Welcome to the wiki for AmiR-P3! This wiki provides documentation and guides for using the AmiR-P3 repository. Below is an outline of the available wiki pages:

  • Overview: Learn about the purpose and goals of AmiR-P3.
  • Installation: Instructions on how to install and set up AmiR-P3.
  • Documentation: Detailed documentation on the integrated components and tools.
  • Contributing: Information on how to contribute to the AmiR-P3 project.

Pages

Overview

AmiR-P3 is an advanced ab initio plant miRNA prediction pipeline written in Python 3.*. It is designed to address the challenges associated with miRNA prediction in plants by leveraging various computational techniques and integrating several tools.

The pipeline allows users to adjust prediction criteria based on state-of-the-art biological knowledge of plant miRNA properties. It starts by finding potential homologs of known plant miRNAs in the input sequence(s) and ensures they do not overlap with protein-coding regions. Then, it computes minimum free energy structures of the presumed RNA sequences using tools such as contrafold, mfold, unafold, viennaRNA, and mxfold2 (if installed). A pre-trained deep learning classification model is used to predict potential miRNAs based on the computed structures. Finally, a set of criteria is applied to select the most likely miRNAs from the predicted set.

AmiR-P3 offers features such as comprehensive sequence analysis, compatibility with viennaRNA, and optional coding sequence filtration using diamond or blastx. It provides accurate miRNA predictions across various plant species, making it suitable for both conserved and novel miRNA discovery.

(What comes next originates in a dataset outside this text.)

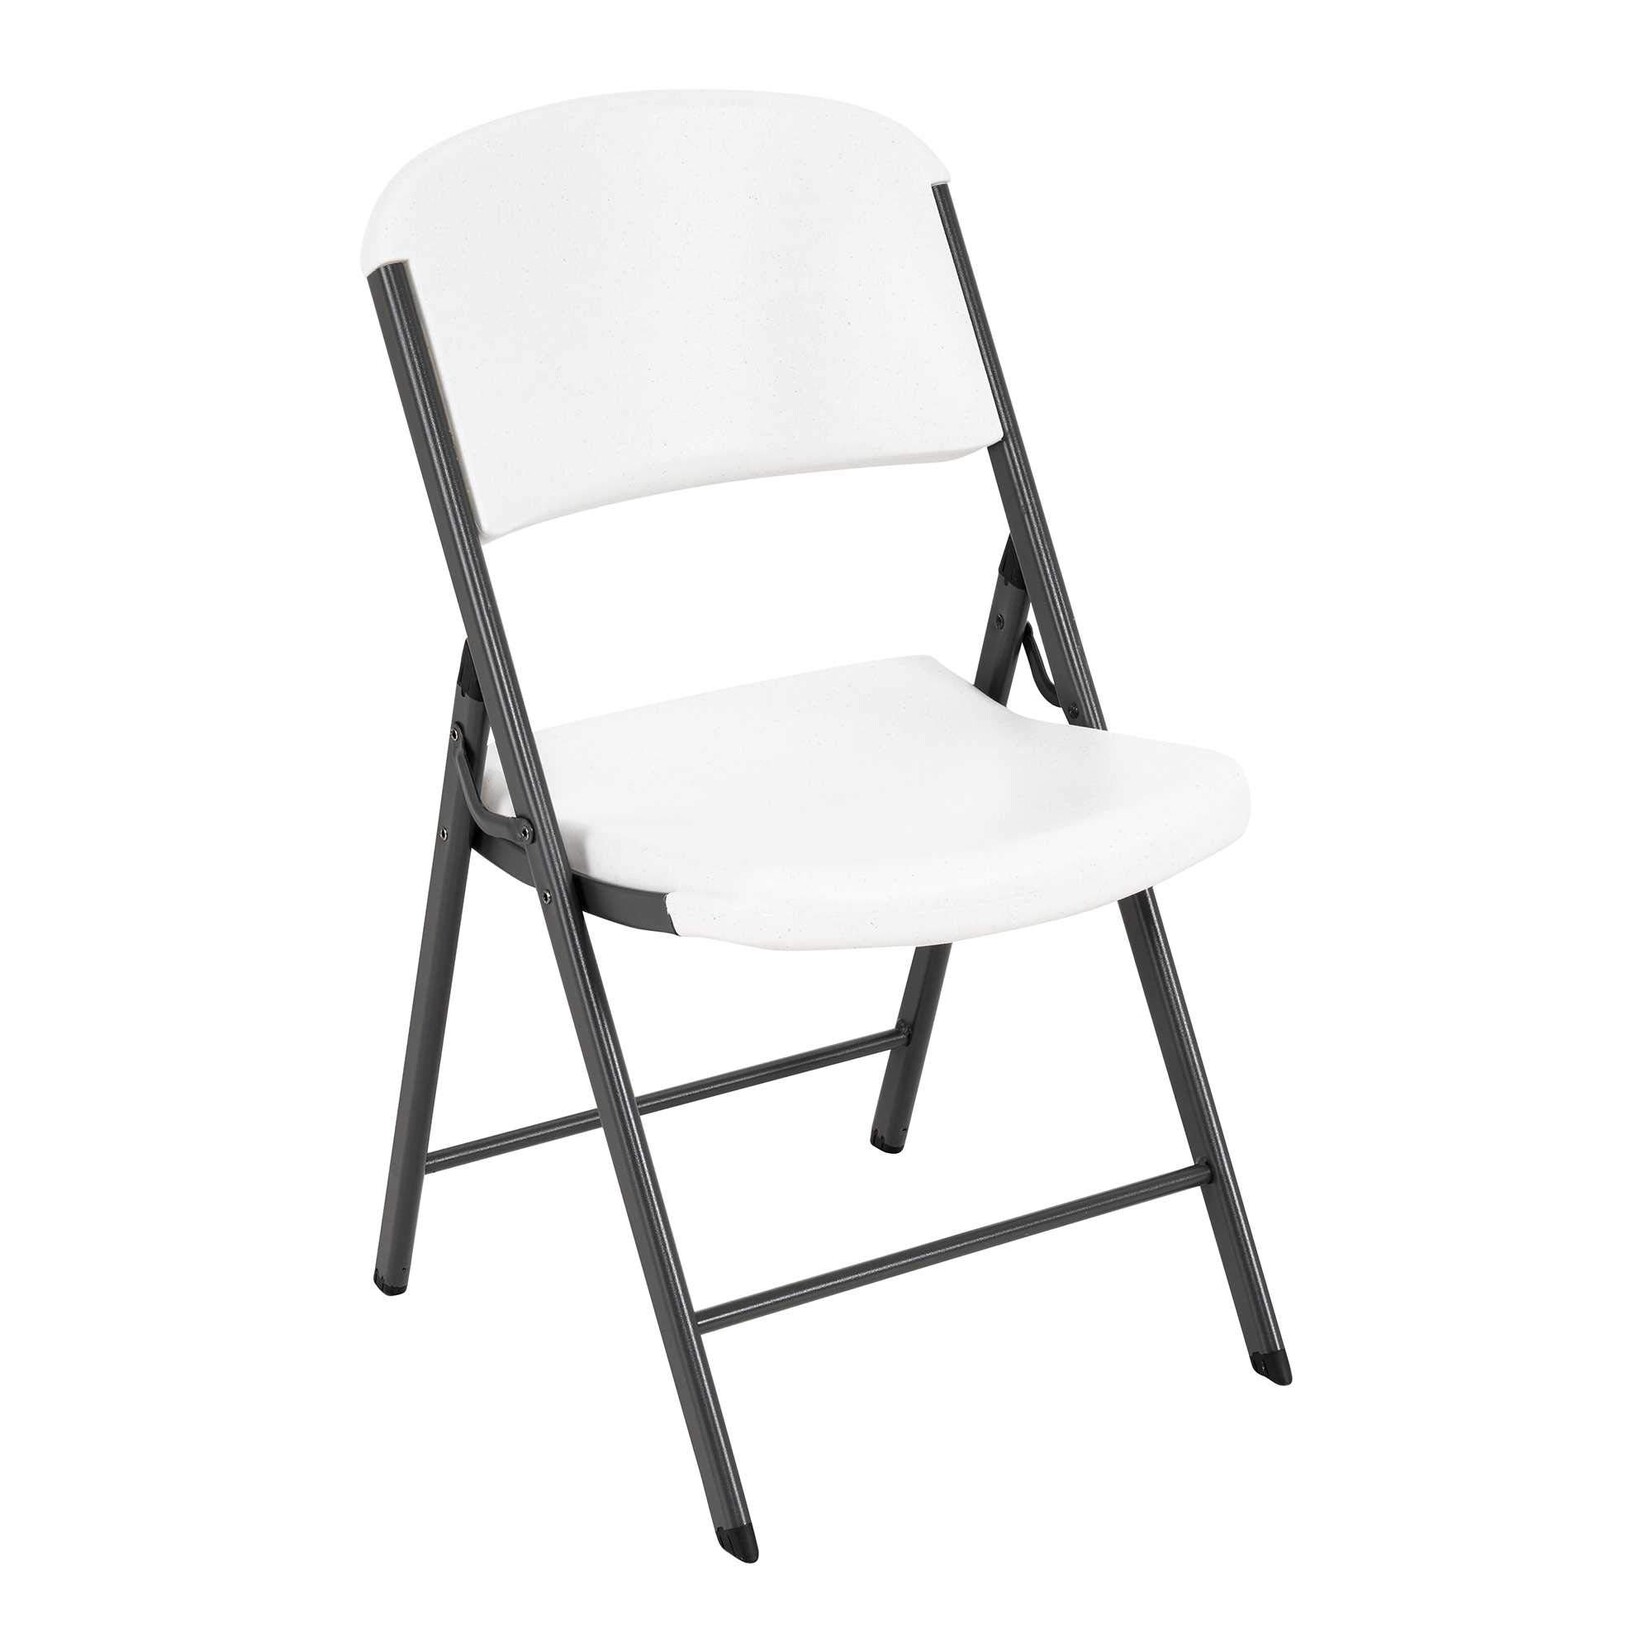 Lifetime Commercial Folding Chairs, 1 pc

To get started with AmiR-P3, please refer to the Installation and Usage pages for detailed instructions on installation, setup, and how to run the pipeline.

Installation

To use AmiR-P3, it is recommended to use the provided Docker image. The Docker image contains all the necessary software, making the installation process straightforward. Follow these steps to install and run AmiR-P3 using Docker:

  1. Install Docker on your system by following the official Docker installation guide for your operating system.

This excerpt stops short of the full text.